Beyond KPIs: Why Great Leaders Need a North Star
Most leadership teams know what they want to achieve. They have ambitious goals for growth, profitability, market share, and other business outcomes. However, these are KPI goals, specific outcomes. They don’t tell leaders where to focus every day. They define success, but they don't tell leaders what needs to improve to achieve it.
At the halfway point of the year, leadership teams naturally begin asking whether they're on track with the goals they set back in January. When the answers aren't clear, the instinct is often to push harder, move faster, or increase accountability.
There’s this temptation to tell everyone to “play smarter, not harder!” But what does that really even mean?
We’ve been seeing this consistently this year: most often, leaders simply aren't working from the same understanding of what it means to be on track. They don’t know what lever to pull to reach those KPI goals because they don’t have a North Star.
We define that as a guiding principle that helps teams make aligned decisions. The North Star drives decision making and aligns business units beyond the revenue goal.
Winning Metrics vs. On-Track Metrics
Revenue growth, profitability, market share, and other business outcomes are important. They tell leaders whether they've achieved what they set out to accomplish.
Where we see leadership teams struggle is assuming those outcomes are enough to keep everyone aligned. By the time those numbers appear on a dashboard, they've already been shaped by months of decisions, conversations, and tradeoffs. The dashboard tells you where you've landed. It doesn't tell you what deserves your attention next.
It’s not a real strategy, it’s the outcome.
Leadership teams also need to be clear about the tactics and tradeoffs that will make achieving these KPI goals more likely. Otherwise, people can agree on the destination while making very different decisions about how to get there.
The Role of a North Star
A North Star shifts the conversation from “get these outcomes at whatever cost” to providing a clear pathway on how to get there, regardless of job function.
Rather than focusing only on where the organization wants to go, it keeps everyone focused on the work that will make the desired outcomes more likely. It becomes the filter leaders use when priorities compete and difficult tradeoffs have to be made.
The reality is, the CEO isn’t always in the room. So how should the leadership team prioritize and collaborate across business units, if their only goal is “increase revenue by 20%”? It’s all too easy for organizations to drift in different directions when each function is optimizing for its own priorities.
Without a shared North Star, this happens naturally. Sales focuses on growth, operations prioritizes efficiency, finance manages cost, and HR focuses on retention.
None of those priorities are wrong, but they don't always lead to the same decisions, and the lack of collective prioritization can move companies off target. In extreme cases, business units can even act almost as competitors.

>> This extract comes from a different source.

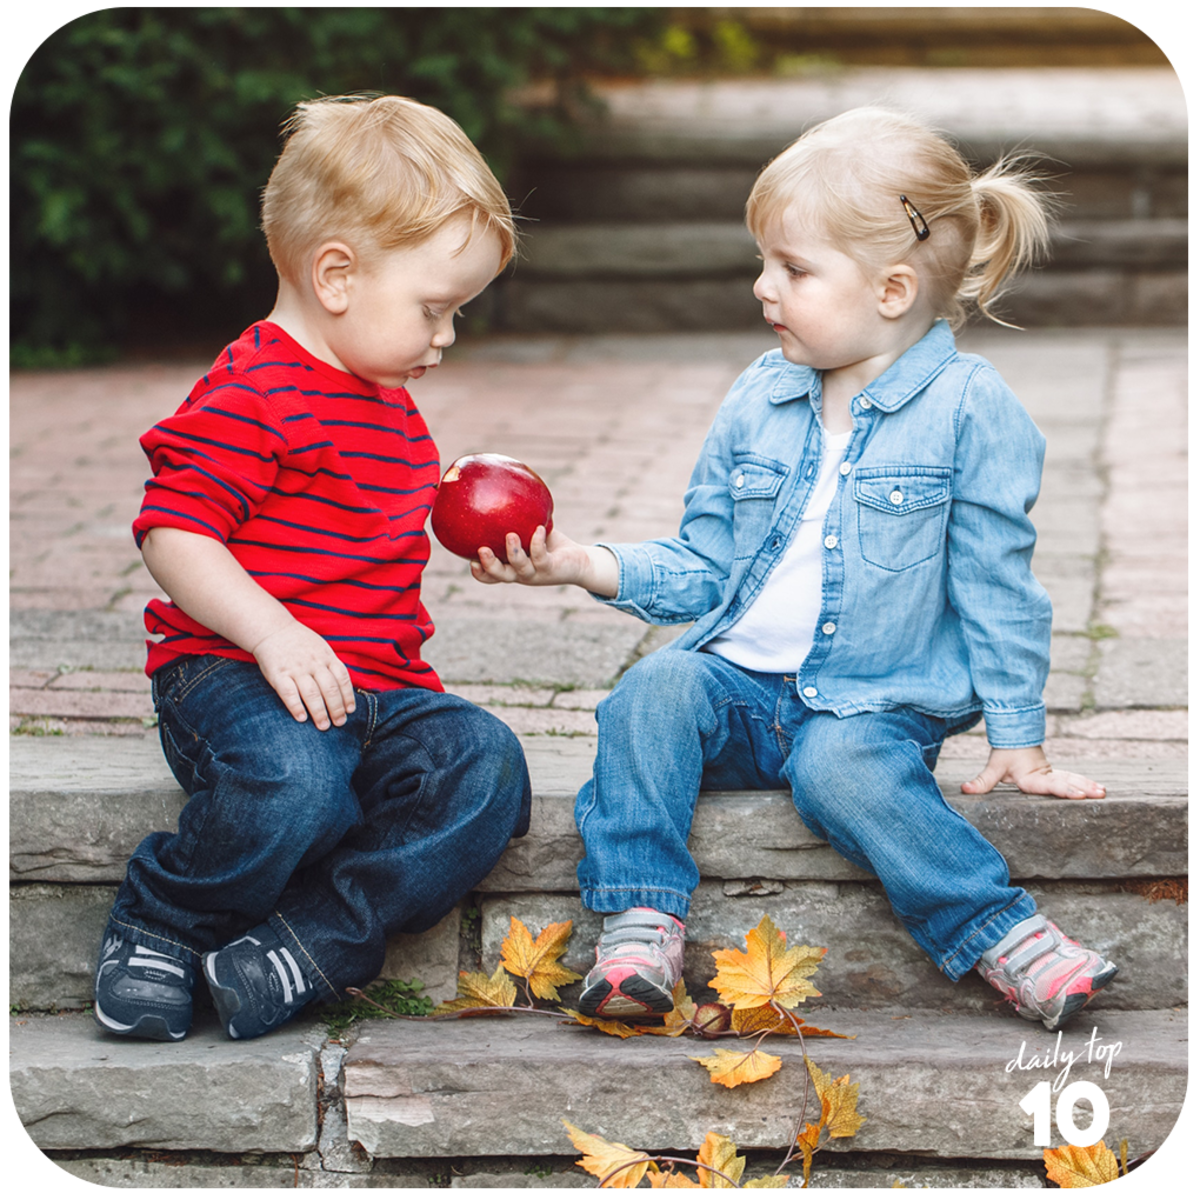 Share an apple and make a friend.

A North Star gives leaders a way to evaluate those competing priorities through the same lens. Instead of every function optimizing for its own goals, the conversation shifts to what will move the organization closer to its desired outcome. Without that shared focus, leadership teams can easily fall into what Incito calls the "tyranny of the urgent," reacting to immediate issues instead of making decisions that support long-term success.
A North Star in Action
McLaren Racing demonstrates this well. Winning more championships was always the desired outcome, but it wasn't what guided everyday decisions.
Instead, the organization aligned around one simple question: Will this improve on-track performance? That became the lens every function used to evaluate priorities, whether they worked in engineering, finance, HR, or operations.
HR leaders thought about what was the personnel gap they needed to close to improve on-track performance. Finance and operations leaders knew speed was their north star, so made shifts in that direction.
That clarity made tradeoffs easier. Every initiative, regardless of function, was evaluated against the same objective. Rather than competing priorities pulling the organization in different directions, leaders had a shared way to decide what mattered most. That discipline helped create the conditions that ultimately led McLaren back to a Constructors' Championship.
The Leadership Takeaway
Most organizations spend a lot of time defining the outcomes they want to achieve. Far fewer spend the same amount of time defining the work that will get them there. The North Star essentially tells leadership teams - what should I bias towards? When the going gets tough, where should I take risks?
It keeps leaders focused on what the organization needs to keep improving, giving them a practical way to make decisions long before the results appear on the dashboard.Every decision becomes an opportunity to strengthen the conditions that make future success more likely.
If your executive team is hitting its KPIs but still struggling with alignment, it may be time to look beyond the metrics and ask a different question: What principle is guiding the decisions we're making every day?